Forum Moderators: phranque

Message Too Old, No Replies

mod_rewrite throws error 406

only for Googlebot ...

         

RonPK

10:05 pm on Jan 12, 2004 (gmt 0)

WebmasterWorld Senior Member 10+ Year Member



I'm using this (in a .htaccess file) to create URLs that are friendly for both humans and SEs:

RewriteCond %{REQUEST_URI} ^\/widgets\/([0-9]{4})\/([0-9]+)$
RewriteRule .* /widgets.php?year=%1&id=%2 [L]

It rewrites
/widgets/2004/23
into
/widgets.php?year=2004&id=23

Works fine, except for Googlebot: Apache returns an error 406 ("Not Acceptable"). At first I thought it might have something to do with Googlebot using HTTP/1.0, but normal browsers using that protocol get the 200 content.

Does anyone know what could be the cause?

jdMorgan

11:48 pm on Jan 12, 2004 (gmt 0)

WebmasterWorld Senior Member 10+ Year Member



RonPK,

This is probably a MIME-type problem, and whatever MIME-type your server provides for your php file output is not acceptable to Google. Use the server headers checker [webmasterworld.com] to see what your server returns for requests. Google can handle text/html and the Word and PDF foramts, and maybe others, too.

Jim

RonPK

9:29 am on Jan 13, 2004 (gmt 0)

WebmasterWorld Senior Member 10+ Year Member



Thanks for your reply, Jim. The MIME-type sent by the server seems fine: text/html. Also, PHP-scripts addressed directly by Googlebot get indexed correctly.

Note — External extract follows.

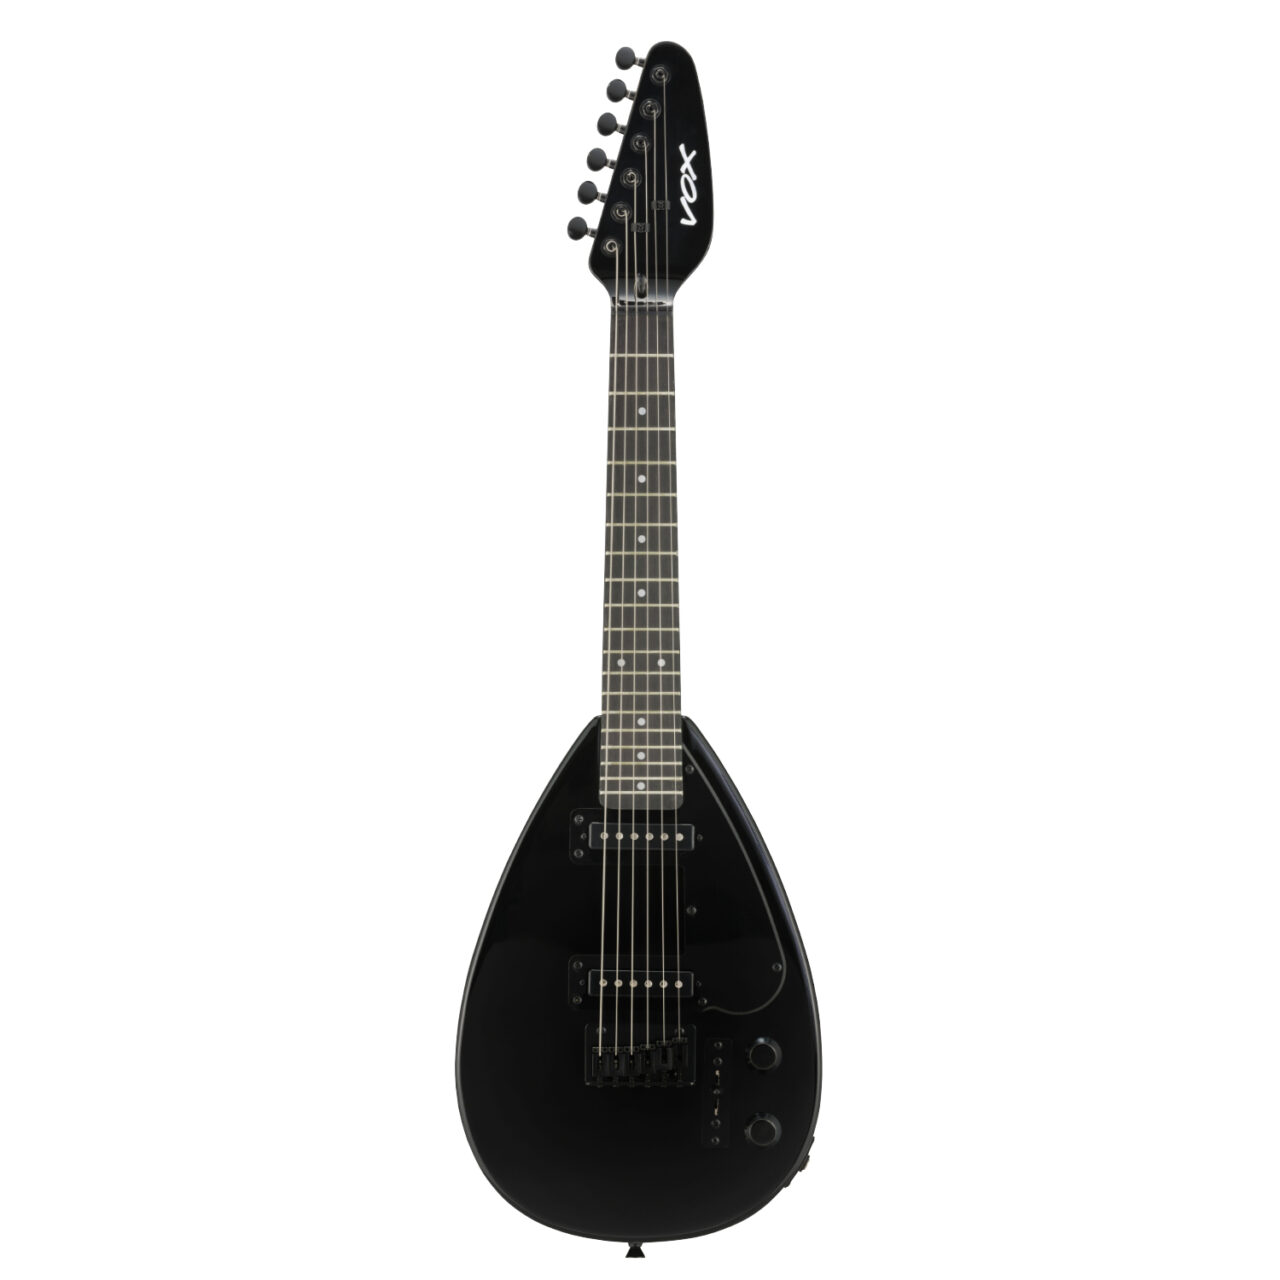 VOX MK3 MINI SLBK Solid Black ミニエレキギター ソリッドブラック

I've done some more research on the error message "no acceptable variant" as related to MIME-types. My guess now is that the URL /widget/2003/24 , with no extension, might cause some confusion. So I've changed all the links into /widget/2003/24.html and modified the rewrite stuff accordingly. Now I'll just have to wait for the bot to come by again...

jamie

3:24 pm on Jan 13, 2004 (gmt 0)

WebmasterWorld Senior Member 10+ Year Member Top Contributors Of The Month



hi ron,

i had this problem with some php scripts as well. i tracked it down to the force-type directive which i used in my .htaccess

it occured when accessing a virtual subfolder path. e.g.

photos/12/2003

and using in my .htaccess

<Files photos>
ForceType application/x-httpd-php
</Files>

i stopped using that and changed everything over to addhandler and the headers were correct again - even without the .htm extension

i am not sure of the technical reason why it happened, but this might help you track it down

good luck

RonPK

1:01 pm on Jan 14, 2004 (gmt 0)

WebmasterWorld Senior Member 10+ Year Member



@jamie: I wasn't using any ForceType directive, but thanks anyway. Just the ordinary AddType in the virtual domain parts of httpd.conf.

Adding the .html extension didn't help either. I found some reports about the error message 'no acceptable content' being related to problems with mod_negotiation, so I started fiddling with that. This morning I switched off the MultiViews option, and now Googlebot gets the lovely 200 code again!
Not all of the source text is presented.